An anonymous reader writes: Motherboard has a report that discusses how some of Detroit's communities are building their own internet to help close the gap between the roughly 60 percent of Detroiters who have internet and 40 percent who don't. From the report: "[Diana Nucera, director of the Detroit Community Technology Project] is part of a growing cohort of Detroiters who have started a grassroots movement to close that gap, by building the internet themselves. It's a coalition of community members and multiple Detroit nonprofits. They're starting with three underserved neighborhoods, installing high speed internet that beams shared gigabit connections from an antenna on top of the tallest building on the street, and into the homes of people who have long gone without. They call it the Equitable Internet Initiative. The issue isn't only cost, though it is prohibitive for many Detroiters, but also infrastructure. Because of Detroit's economic woes, many Big Telecom companies haven't thought it worthwhile to invest in expanding their network to these communities. The city is filled with dark fiber optic cable that's not connected to any homes or businesses -- relics from more optimistic days.

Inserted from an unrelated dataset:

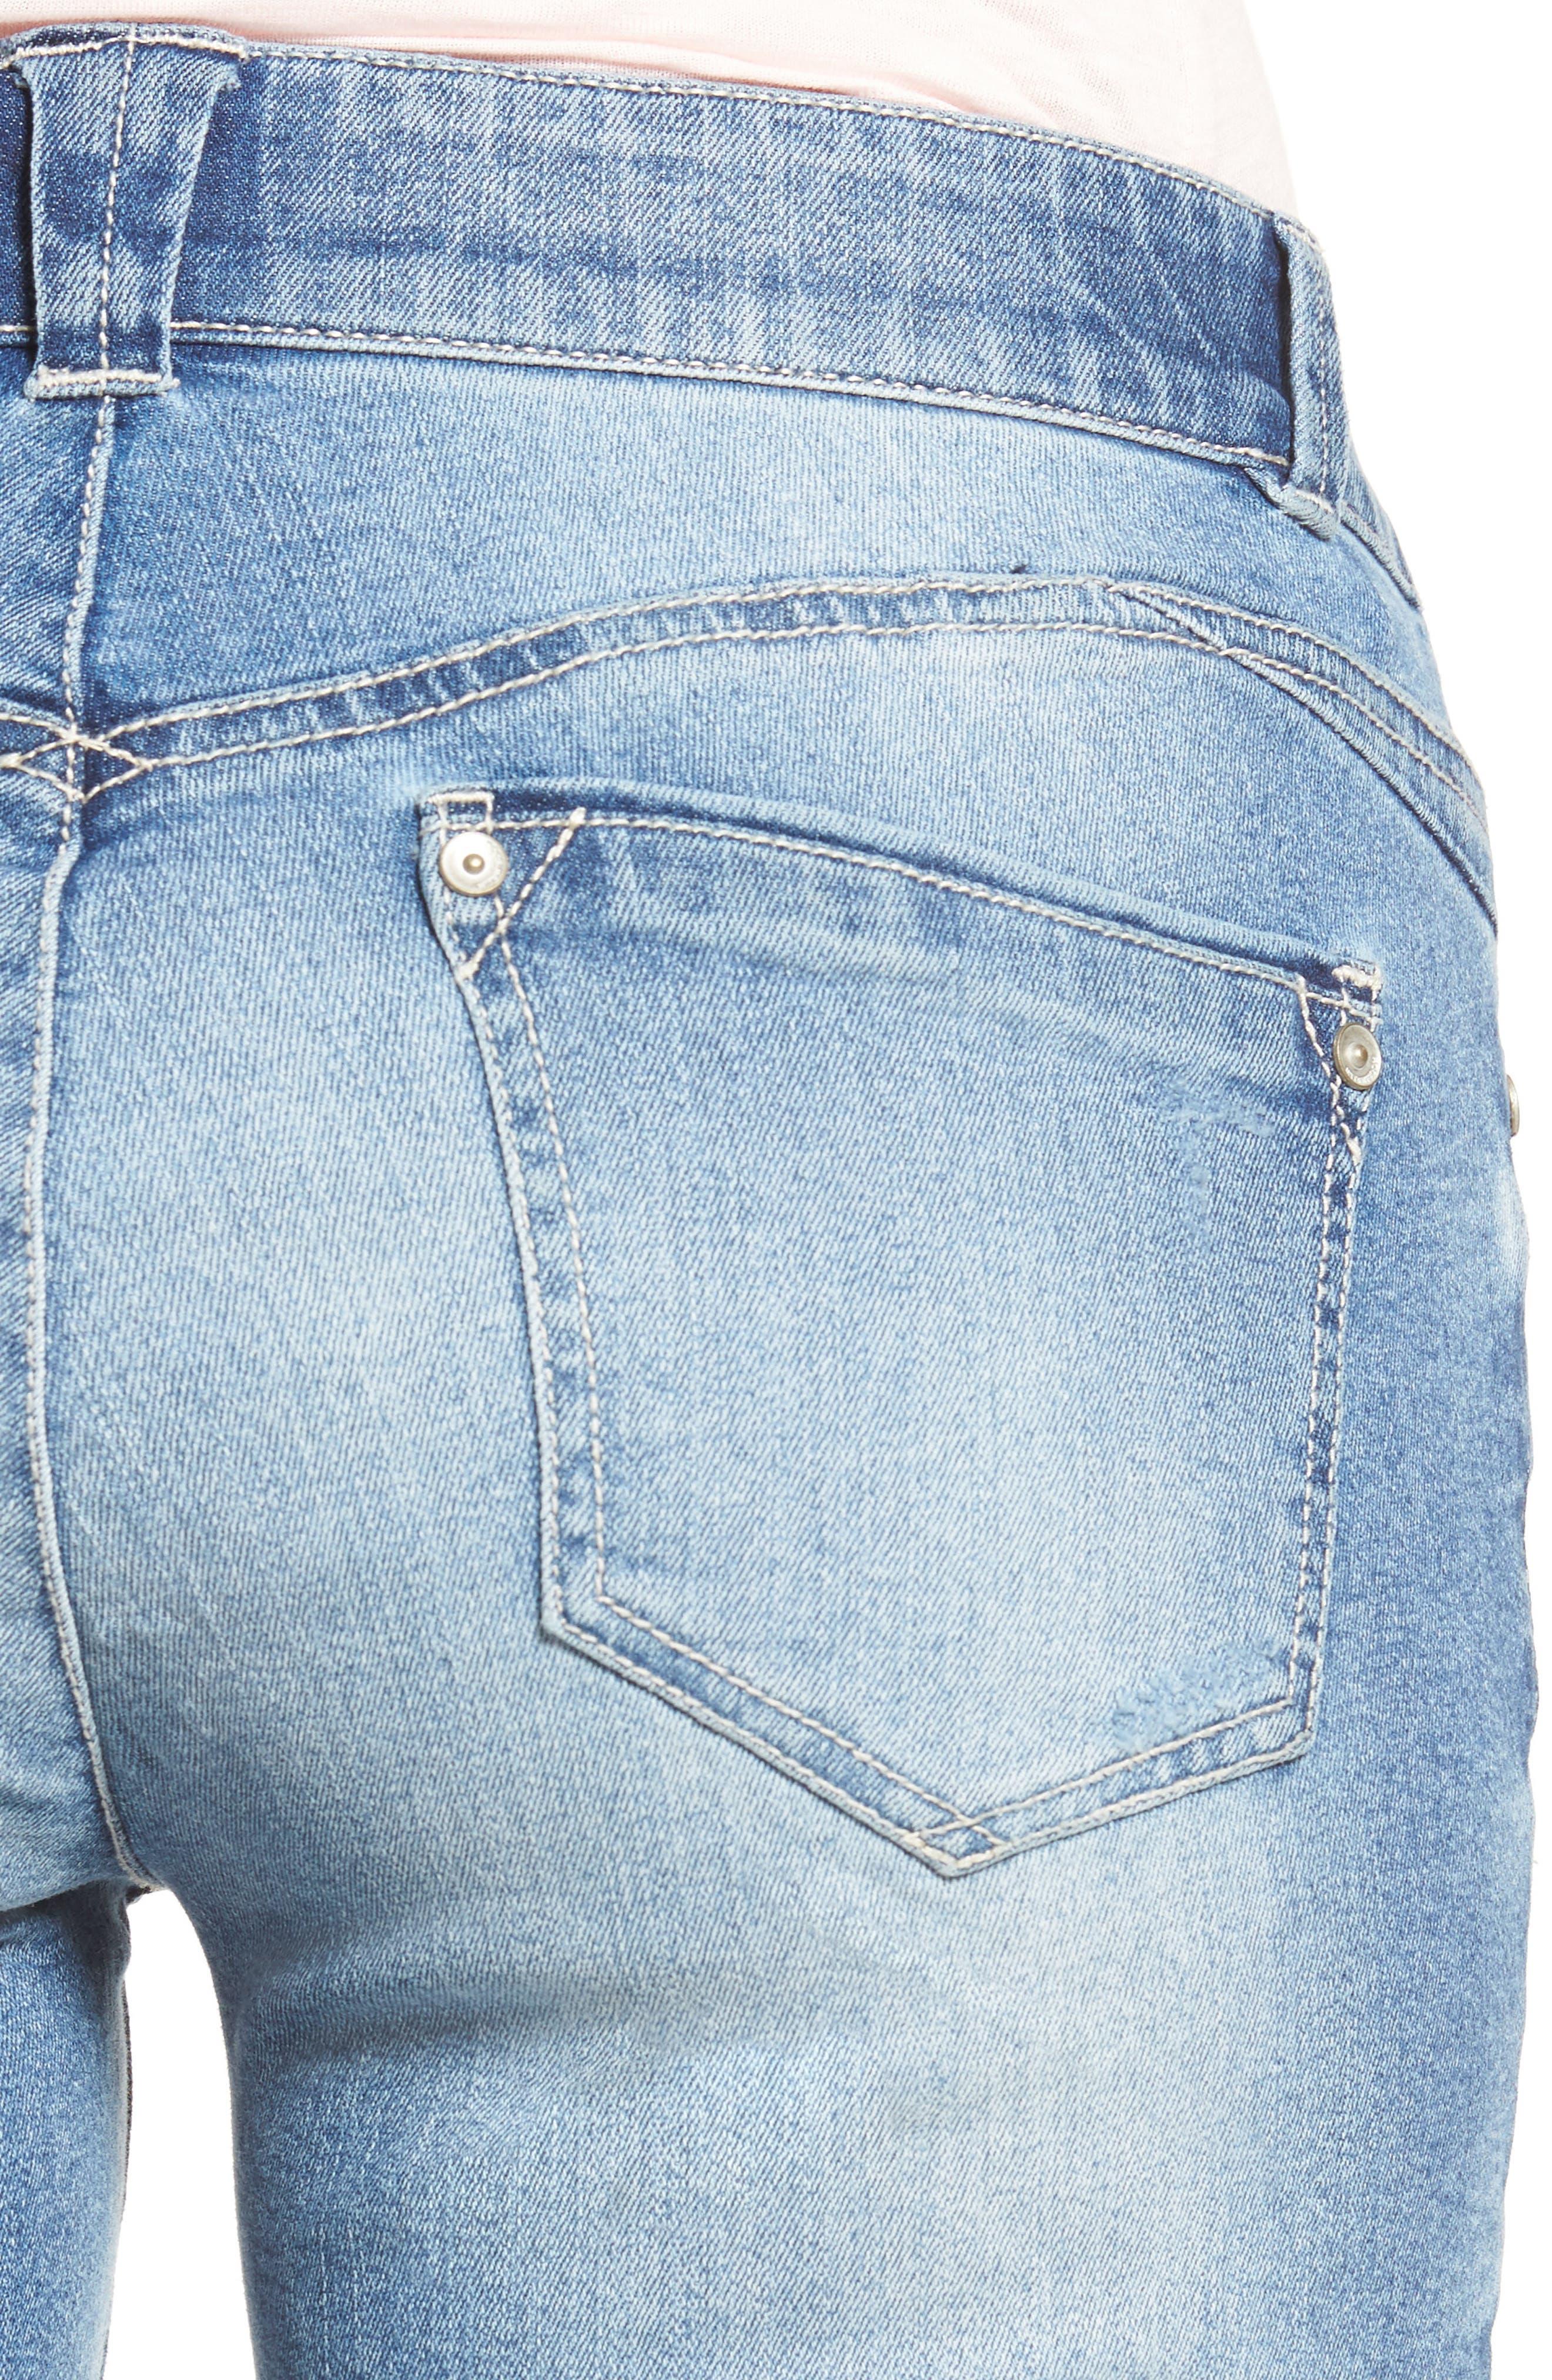 Alternate Image 4  - Wit & Wisdom Ab-solution Ripped Denim Bermuda Shorts (Regular & Petite) (Nordstrom Exclusive)

Residents who can't afford internet, are on some kind of federal or city subsidy like food stamps, and students are prioritized for the Initiative, Nucera told me. The whole effort started last summer with enlisting digital stewards, locals from each neighborhood who were interested in working for the nonprofit coalition, doing everything from spreading the word, to teaching digital literacy, to installing routers and pulling fiber. Many of these stewards started out with little or no tech expertise, but after a 20-week-long training period, they've become experts able to install, troubleshoot, and maintain a network from end to end. They're also aiming to spread digital literacy, so people can truly own the network themselves."

5 of 125 comments (clear)

  1. No they're not by Anonymous Coward · · Score: 3, Insightful

    They're building access to the Internet. That's totally different.

  2. Re:What a fucking surprise by CaptainDork · · Score: 3, Insightful

    The key decision-makers – major shareholders in General Motors, Ford, Chrysler, etc, and the boards of directors they selected – made many disastrous decisions.

    They failed in competition with European and Japanese automobile capitalists and so lost market share to them.

    They responded too slowly and inadequately to the need to develop new fuel-saving technologies.

    And, perhaps most tellingly, they responded to their own failures by deciding to move production out of Detroit so they could pay other workers lower wages.

    Detroit wasn't about politics. It was about capitalism, and it's all around us today.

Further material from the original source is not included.